24/09/2020Test qualityy

Check the operation and quality of important RAS functions with dedicated tests

 There are many types of tests, but there are two tests for features that have become more important these days. RAS functional and security tests . Both are not functions that are directly related to the services that the software provides to end users, but are behind- the- scenes functions that correspond to non-functional requirements for the software to always provide stable services . Therefore, it may not be clearly written in the required specifications of the software, so care must be taken when designing the test. However, there are some parts of embedded systems that require some ingenuity in test design, so let’s introduce the actual test contents and points to note in test design in this article.

What is the function of RAS in the first place?

RAS function is an abbreviation that stands for Reliability , Availability , and Serviceability , but in Japanese it is reliability , availability , and maintainability . Reliability refers to the property that system outages and malfunctions are unlikely to occur due to failures, etc.

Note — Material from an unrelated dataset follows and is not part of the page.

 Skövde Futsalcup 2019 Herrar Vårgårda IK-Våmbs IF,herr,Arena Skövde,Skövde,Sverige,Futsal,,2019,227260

In short , it is a performance that always operates stably . Availability is similar to reliability, but it is a property that refers to high system utilization and short outages due to failures or maintenance. Simply put, it is a performance that can be used at any time . And Serviceability (serviceability) is a property that indicates the recovery ease and speed, such as from a failure, heal immediately even if the failure it is that of performance. The RAS function test confirms the operation of these RAS functions.

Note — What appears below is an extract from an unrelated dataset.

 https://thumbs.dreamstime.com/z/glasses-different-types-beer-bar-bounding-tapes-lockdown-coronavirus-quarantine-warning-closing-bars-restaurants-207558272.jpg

The reliability of embedded systems ( Reliability )

In embedded system reliability ( Reliability test a) to, do I test at any point of view. Reliability is the property that system stoppages and malfunctions are unlikely to occur due to failures , so as a test, try various failures and operate without stopping or malfunctioning the system at that time. You can check the reliability by doing a test that confirms that it will continue . A similar test is the fault recovery test.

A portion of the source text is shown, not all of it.